A manhã, entretanto, não trouxe a Helena o esquecimento e a paz. A noite não lhe serviu de remédio, antes legou à aurora toda a sua mortal angústia. Debilitada, nervosa, impaciente, não podia a moça vencer-se nem suportar-se.

Ora, repelia com sequidão as boas palavras de D. Úrsula; ora, pedia intercedesse com Estácio para a resolução que ela admitia como único meio de a poupar à vergonha. A excitação moral era grande; cumpria aquietá-la por meios persuasivos. Helena fugia a todos; não encarava Estácio e D. Úrsula, sem que o pejo lhe colorisse a face, mudança tanto mais visível quanto que a vigília e a dor a tinham empalidecido muito. Diziam-lhe que a vontade do conselheiro estatuíra uma lei na família, segundo qual ela continuava a ser parenta como dantes, e tão amada como era. A moça agradecia a generosidade, mas não podia fugir à idéia de haver contribuído para uma usurpação. Queria que a deixassem ir ter com o pai, ao pé de quem a natureza e a consciência lhe indicavam que poderia estar sem remorso. Estácio e D. Úrsula respondiam-lhe com afagos e protestos; mas quando viram que estes eram inúteis, não houve mais que revelar-lhe a carta de Salvador.

O Padre Melchior incumbiu-se de lhe fazer essa delicada comunicação.

— Seu pai, disse ele, praticou em seu favor um ato heróico; fugiu para lhe não fazer perder a consideração e o futuro.

Leia esta carta, e veja se ela lhe dá a força necessária para resistir.

Helena pegou na carta com sofreguidão, leu-a de um lance d'olhos. O gemido que lhe rompeu do coração mostrou bem a ferida que acabava de receber. O padre acolheu-a lacrimosa e esvaecida em seus braços; disse-lhe palavras de conforto e de esperança. Nos primeiros minutos, Helena nada pôde ouvir; o golpe ensurdecera a alma. Melchior fê-la sentar ao pé de si; ela obedeceu sem consciência. Após alguns minutos de silêncio e concentração, a moça dirigiu a palavra ao padre e agradeceu-lhe a caridade. Depois referiu-lhe os acontecimentos de sua infância, os mesmos que o capelão ouvira. A sagacidade natural do espírito cedo lhe fizera ver que a posição de sua mãe não era a mesma das outras mães; essa descoberta, porém, não teve outra virtude mais que comunicar ao amor de filha uma intensidade e energia capazes de afrontar os mais fortes obstáculos, como se ela quisesse reunir em si toda a soma de afetos e respeitos que a sociedade afiança às situações regulares. Melchior ouviu-a comovido; nutrido da medula do Evangelho, reconheceu um efeito da graça divina nesse amor imaculado, que valia por todas as absolvições da Terra.

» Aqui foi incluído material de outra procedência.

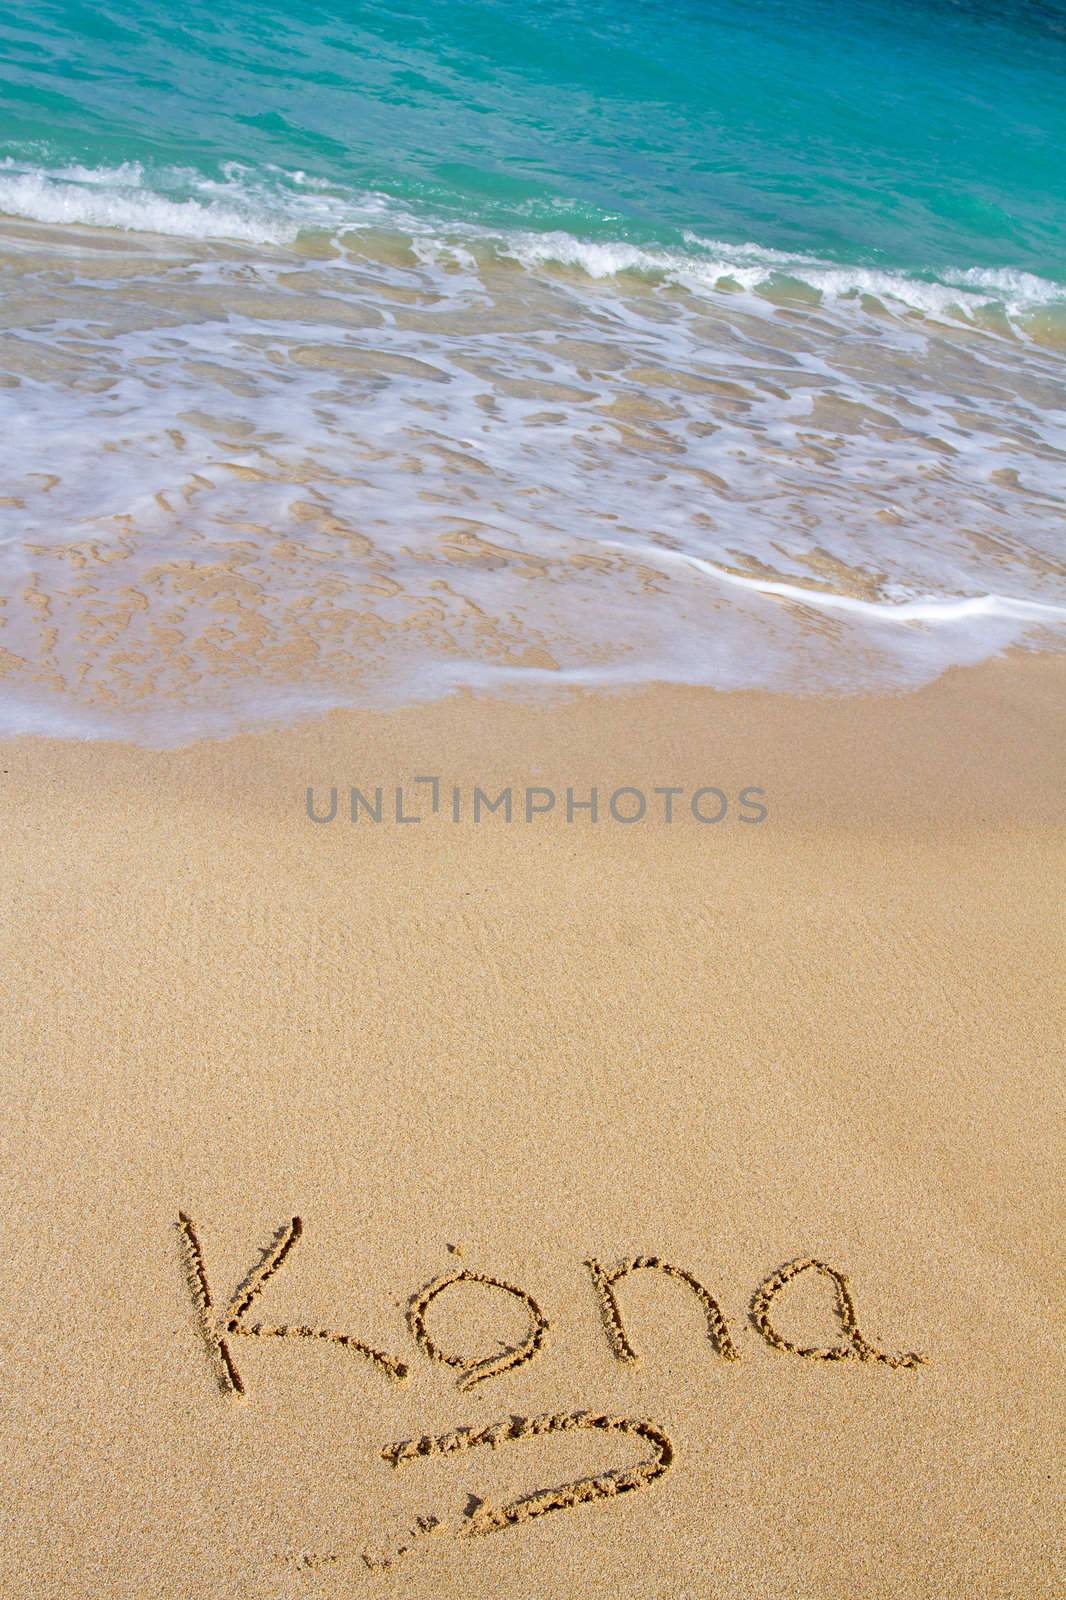 Kona Sand and Water by joshuaraineyphotography

Ele a aplaudiu e confortou; falou-lhe do futuro, do carinho de sua família, — sua, a despeito de tudo; enfim da obrigação em que ela estava de corresponder a tanta confiança.

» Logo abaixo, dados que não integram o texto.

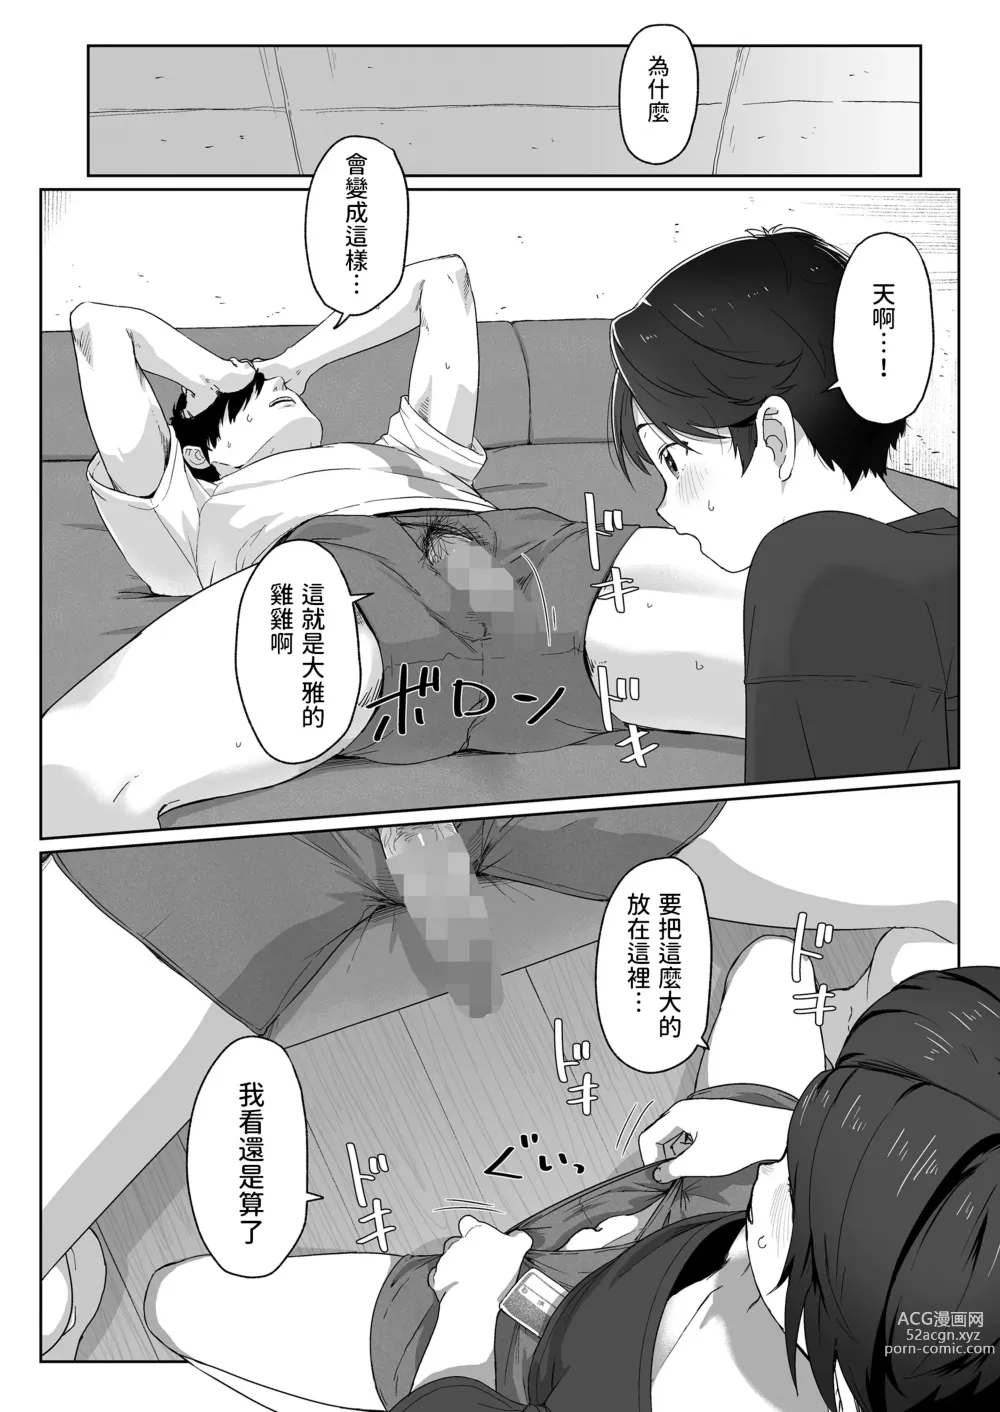 Page 12 of manga Ore ga Taberu kara

Talvez Helena, em sua razão, correspondesse aos conselhos de Melchior; mas a razão é o que menos a dirigia naquelas circunstâncias aflitivas. Ela deixou o padre para recolher-se aos aposentos. Quando D.Úrsula ali foi, meia hora depois, achou-a profundamente abatida; a violência da crise passara. A linguagem que lhe falou, foi maternal, ungida de amor e perdão; Helena ouviu-a agradecida, mas um sorriso descorado e sem convicção lhe entreabria os lábios. Supunha ler comiseração onde havia afeto e respeito, e o orgulho rebelava-se de inspirar o único sentimento que a consciência lhe dizia merecer.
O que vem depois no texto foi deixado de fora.